===== DATA TO USE
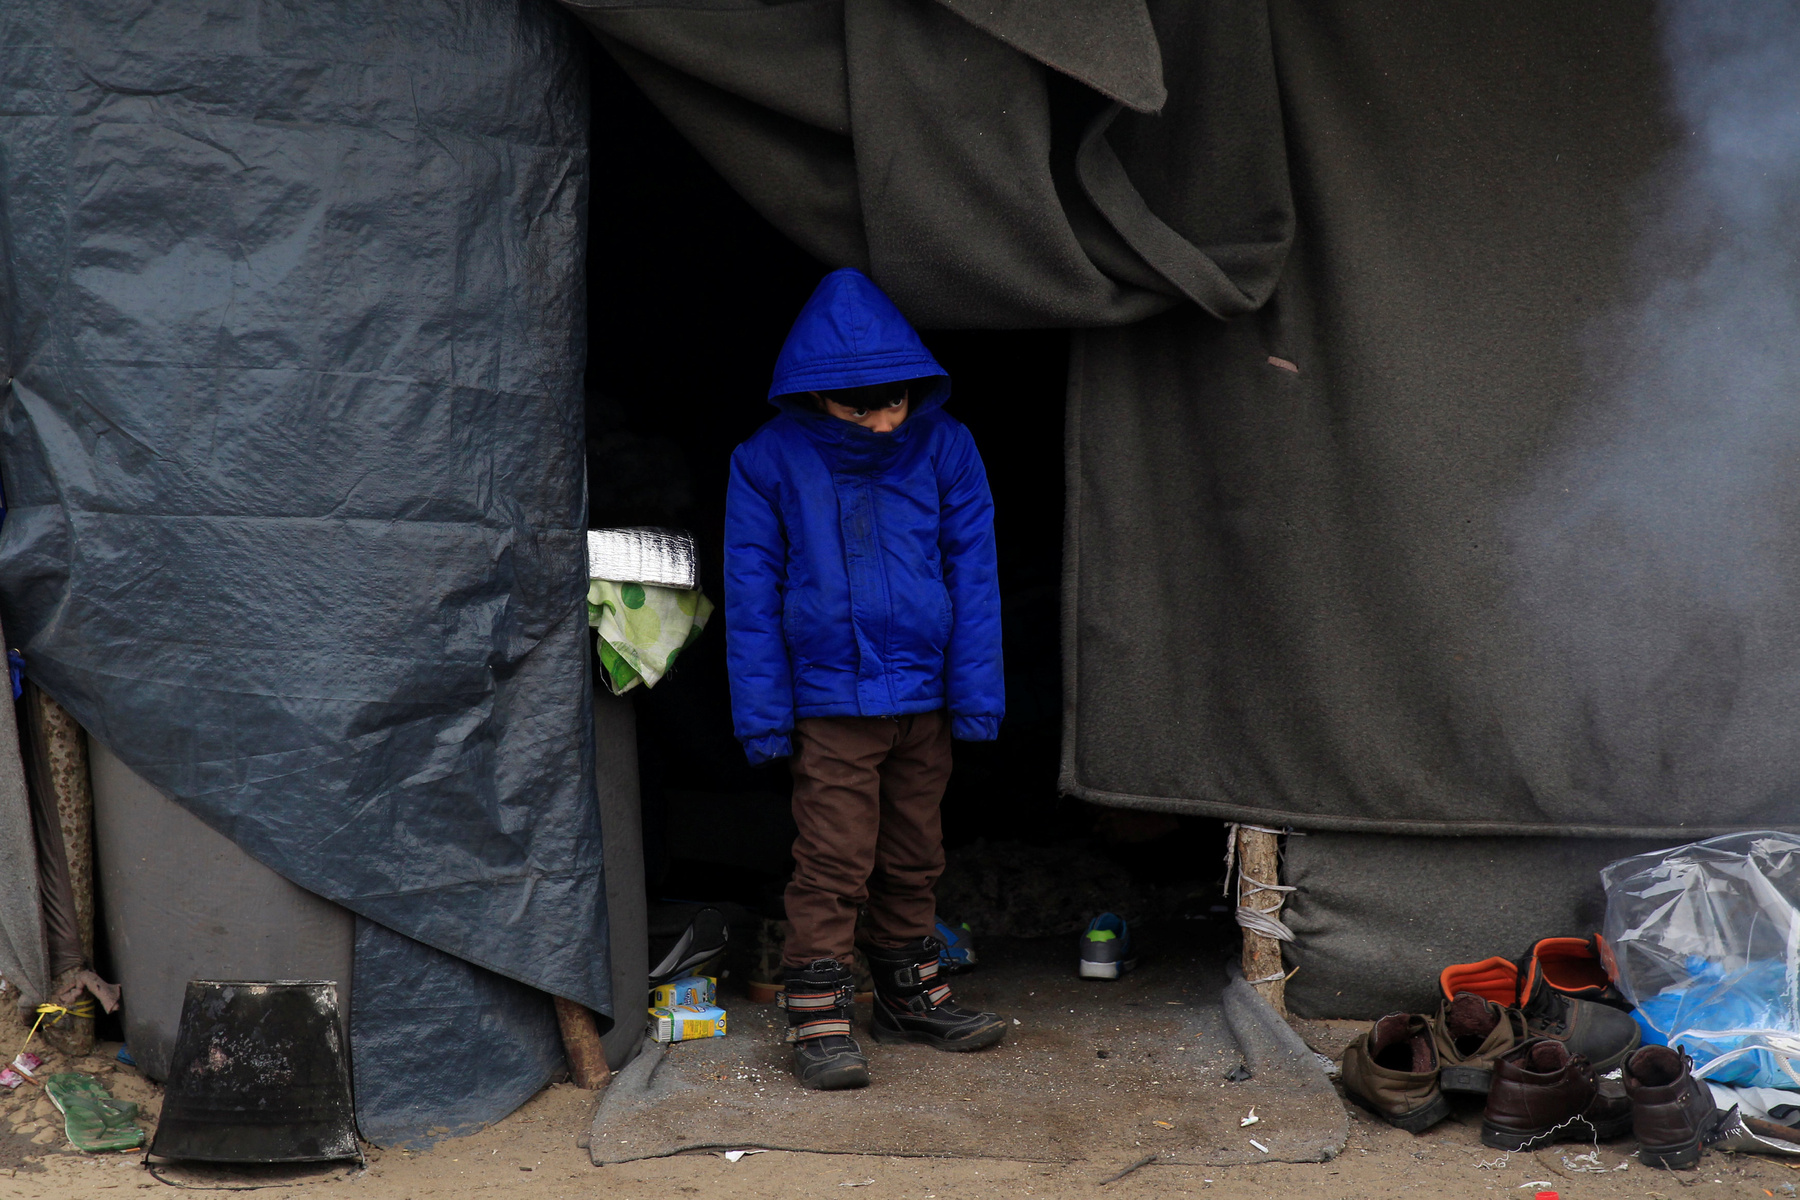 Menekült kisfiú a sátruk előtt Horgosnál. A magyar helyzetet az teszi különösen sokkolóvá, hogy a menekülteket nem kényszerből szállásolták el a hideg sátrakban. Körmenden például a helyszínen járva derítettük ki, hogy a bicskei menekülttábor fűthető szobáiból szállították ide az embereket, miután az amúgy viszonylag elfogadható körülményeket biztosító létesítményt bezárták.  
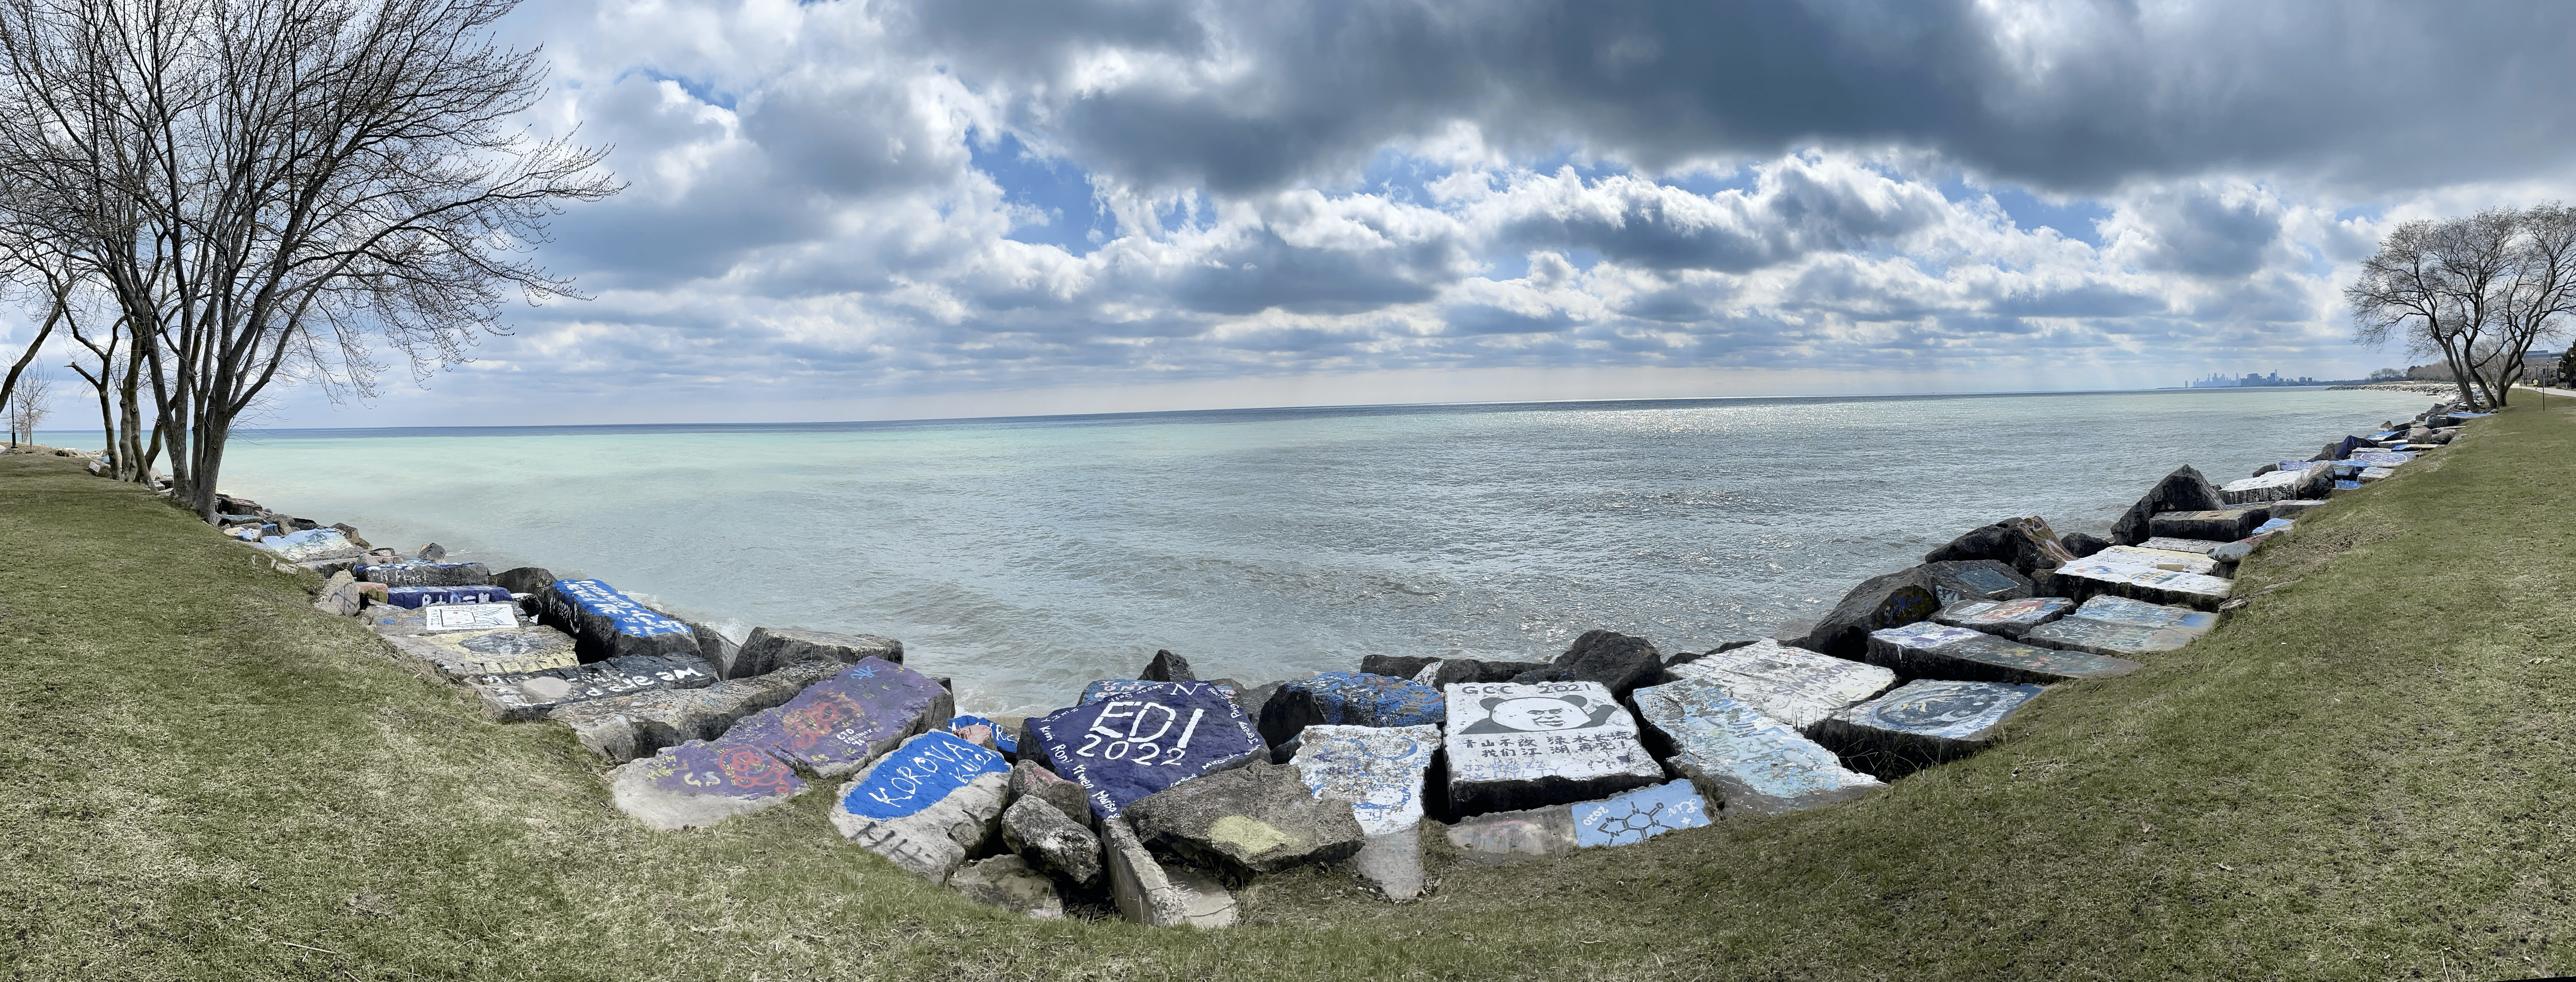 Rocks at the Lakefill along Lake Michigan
==========
===== DATA TO USE
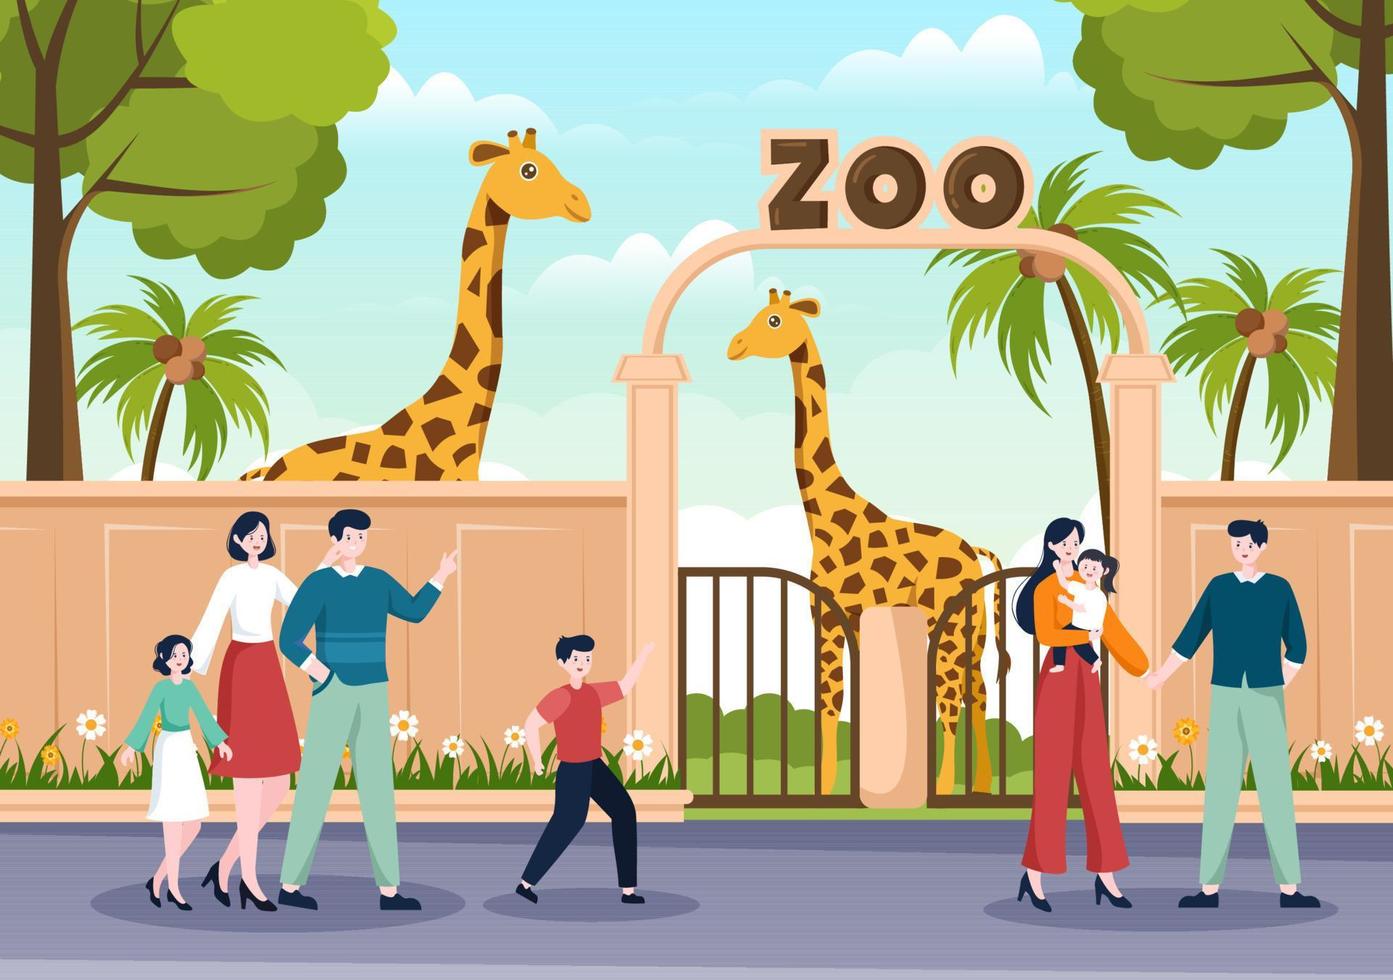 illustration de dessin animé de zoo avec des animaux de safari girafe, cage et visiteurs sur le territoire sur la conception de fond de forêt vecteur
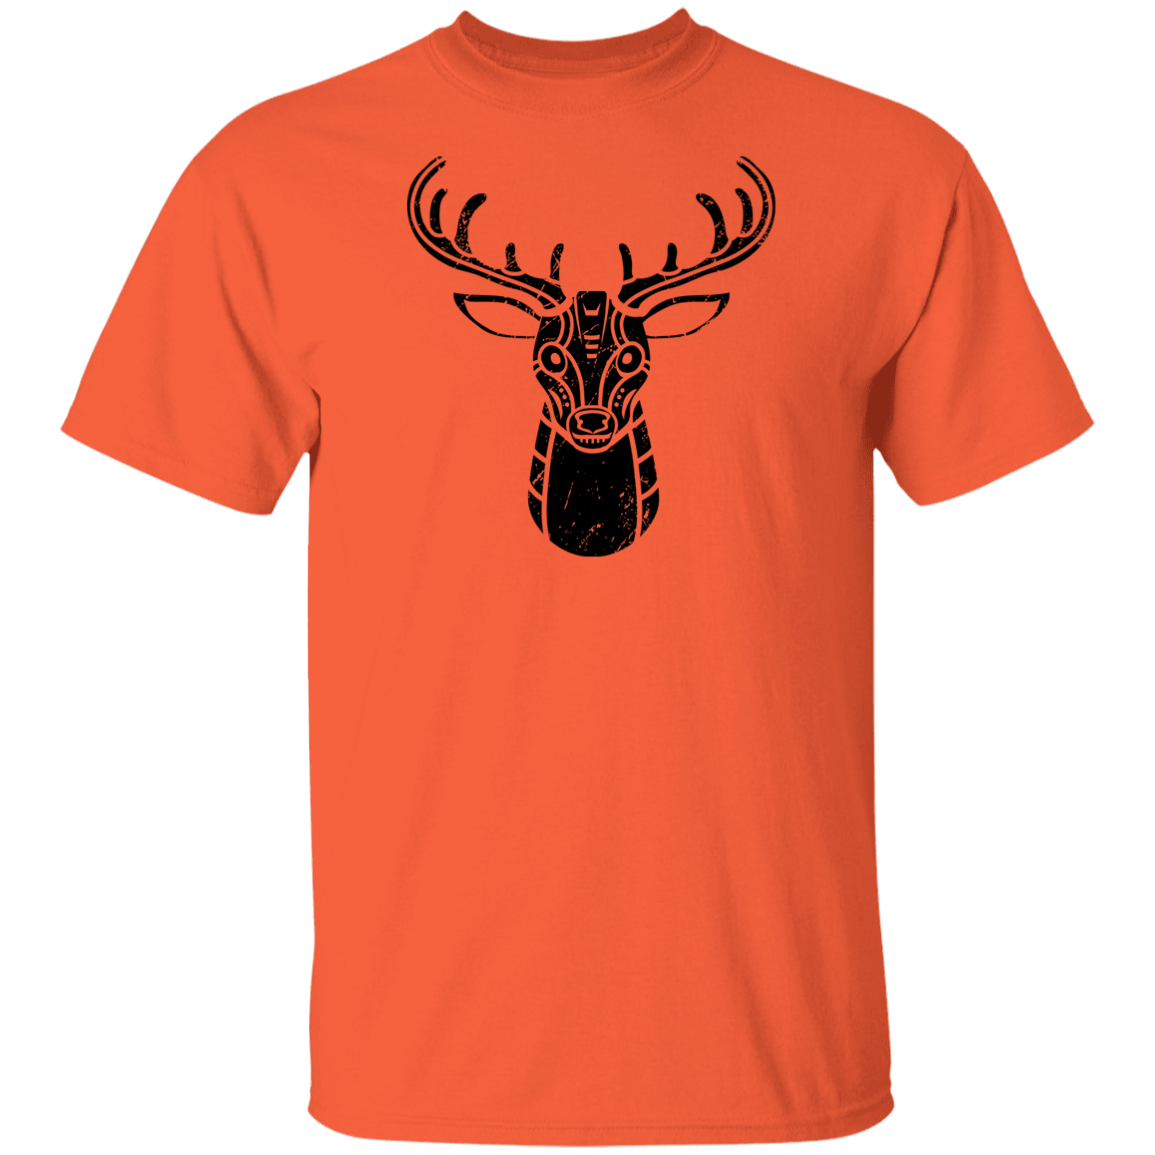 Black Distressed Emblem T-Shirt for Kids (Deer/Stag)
==========
## WHAT IS BEING ASKED
Reproduce the lines above beginning at the line that contains "Menekült kisfiú a" and ending at the line that contains "Rocks at the Lakefill along Lake Michigan". No pictures.

## SOLUTION BELOW
 Menekült kisfiú a sátruk előtt Horgosnál. A magyar helyzetet az teszi különösen sokkolóvá, hogy a menekülteket nem kényszerből szállásolták el a hideg sátrakban. Körmenden például a helyszínen járva derítettük ki, hogy a bicskei menekülttábor fűthető szobáiból szállították ide az embereket, miután az amúgy viszonylag elfogadható körülményeket biztosító létesítményt bezárták.  
 Rocks at the Lakefill along Lake Michigan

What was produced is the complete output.